Scoff as much as you like at the idea of wealth redistribution (initially, I was hostile to it too), all major technological breakthroughs increase wealth disparity by concentrating more wealth and power in the hands of fewer and fewer people. And guess what: too high wealth disparity is bad for the economy! Your economy!

Yes, even if you are an ultra-Capitalist, guess what: rich people don't spend their money, rich people don't consume as much of their wealth as poor people do. If the masses don't have enough money to consume, your precious economy will simply grind to a halt. What are you going to do then, Capitalist?

Unless you want to be a Luddite and you want technological regression, there are really two options: either continue the eternal cycle of inventing fake jobs and then automating them (which really is just delaying the inevitable, and deferring the decision to the next generation), or partially redistribute the wealth of those who stand to benefit from the increased automation, from no longer having to pay people for work (which really is indirectly paying for their rent, for their food, etc.), as the human workers are replaced by automatons who can do their job 24/7 and don't have to eat or sleep.

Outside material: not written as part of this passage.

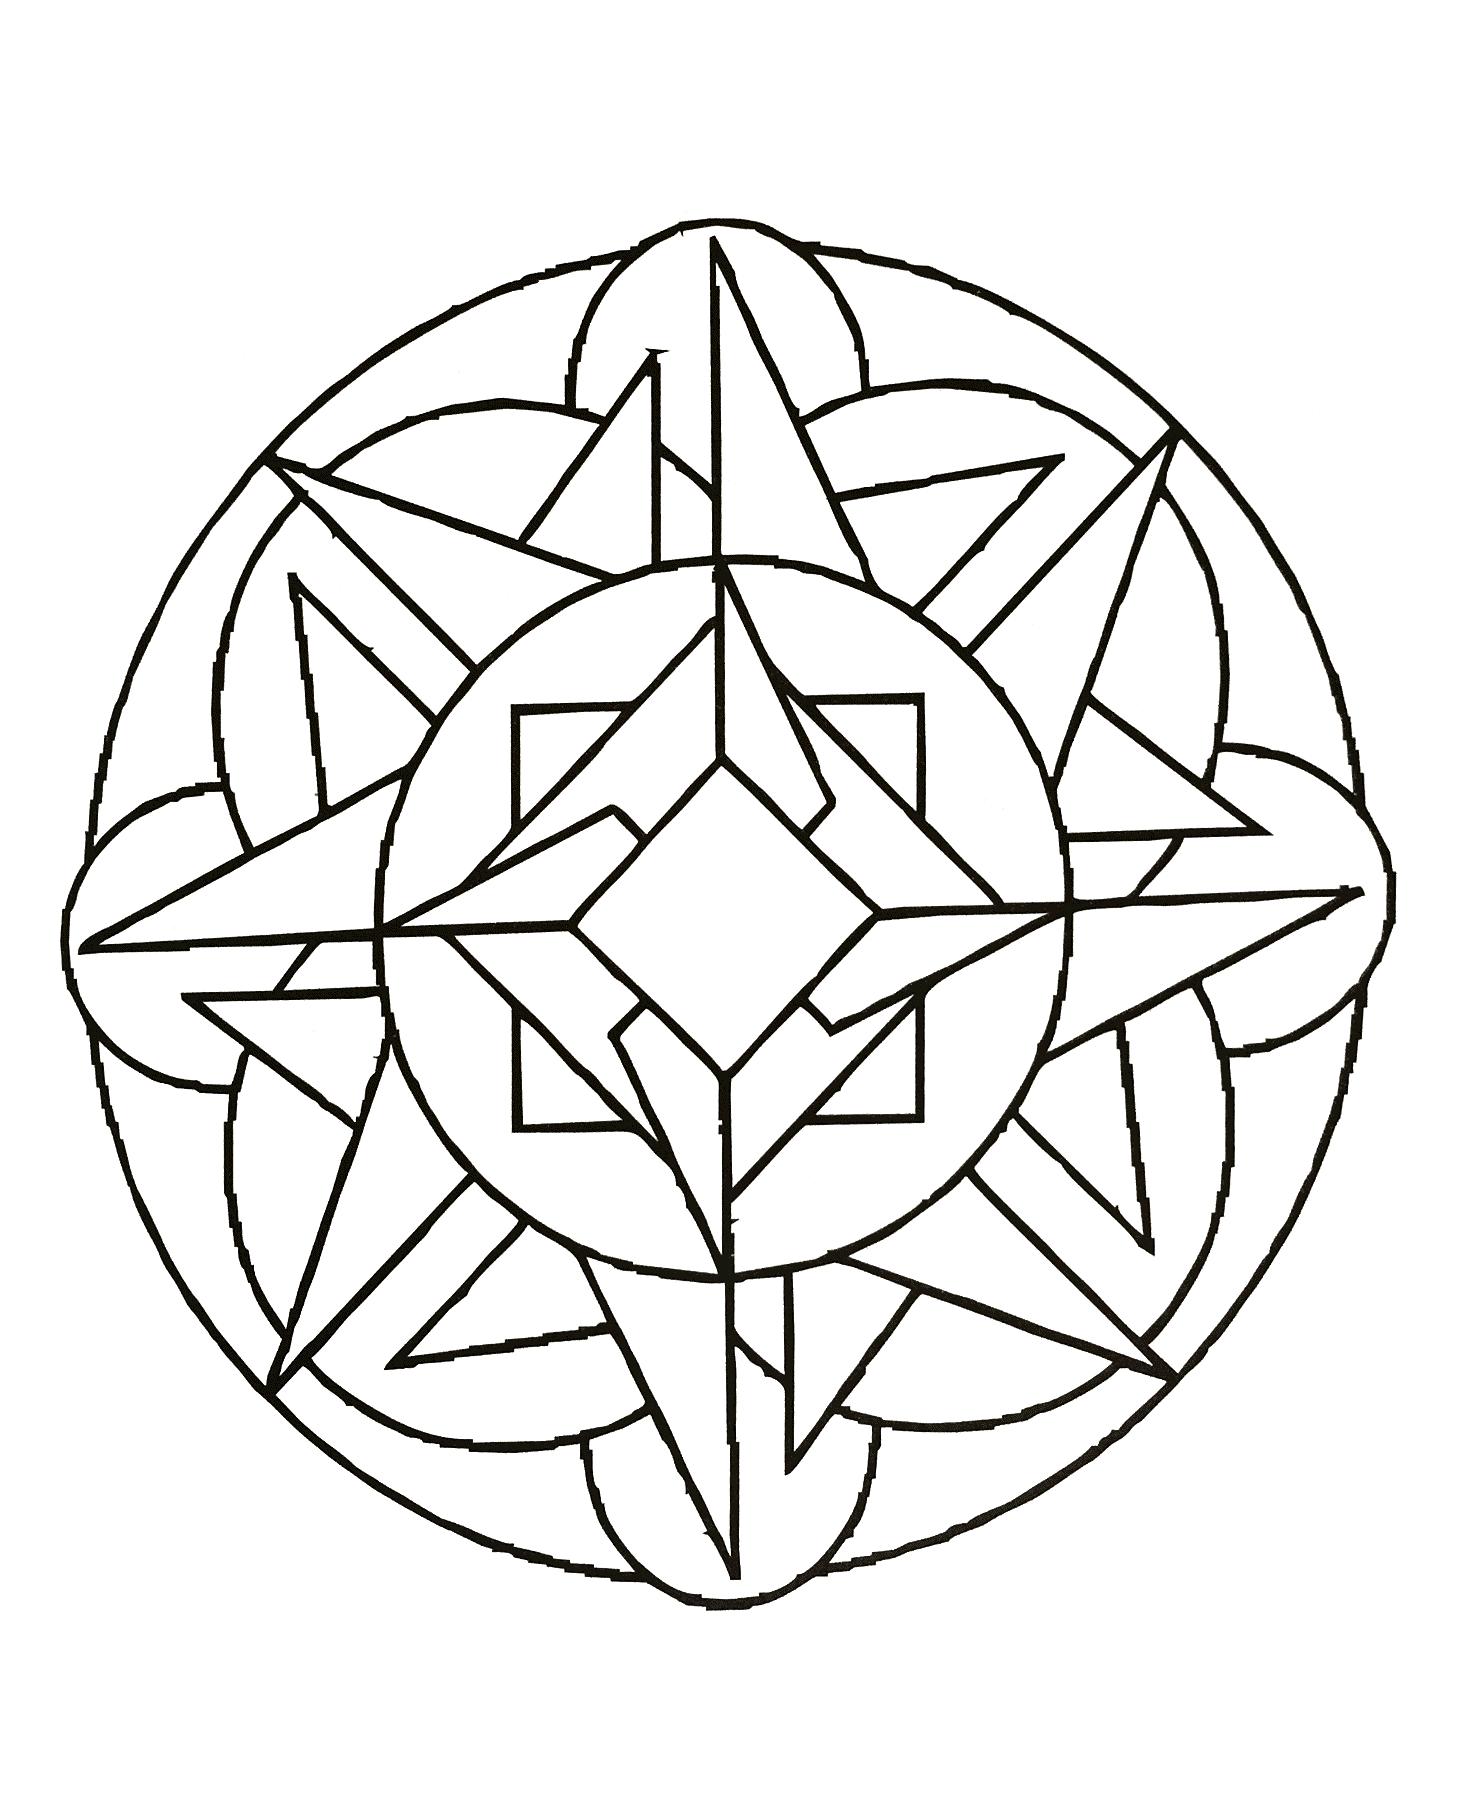 Mandalas for kids - Mandalas Kids Coloring Pages

Technology has made the "It is mine, mine alone, I'd rather burn it all down than share even one morsel for free" mentality outdated. If you have that mentality, I regret to inform you, that you belong to a museum, and your mentality is part of the problem. The world is interconnected. We live in a society. Machines and technology have to benefit all of society, not just a few shareholders.

It's time to do away with the notion that everyone has to work and contribute to society, when they are simply incapable of doing so under the framework of the current system. Maybe we can keep this notion, if we include in the group of contributors people who write Wikipedia articles and open-source software for free. But otherwise, we simply have to do away with it. Technology made it obsolete.

We have to completely re-think how our society will work. If we implement UBI and free people from the stress of forced labour, we will most likely see a Golden Age of art, science and humanism. Don't believe the nonsense that people would spend their extra free time doing alcohol, drugs and wallowing in their depression - their issues were created by the current system to begin with. The system we live under creates problems, and then sells (fake) "solutions" to it. It has to be rejected.

Closing Thoughts

I used to believe that maximizing economical freedom and minimizing intervention was the (gate)way to maximizing social freedom. But now I believe that my past self was wrong. Why? Just think about it.

Is there true Freedom of Speech in a world, where all it takes is for an angry mob of SJWs to dig-up a 10-year old Tweet of yours and get you fired, thus depriving you of your means of survival? No, there isn't. There can be no true Freedom of Expression in a world, where your survival depends on the whims of someone who can fire you any time for any reason.

Without Universal Basic Income, there can be no real Freedom of Speech and Expression.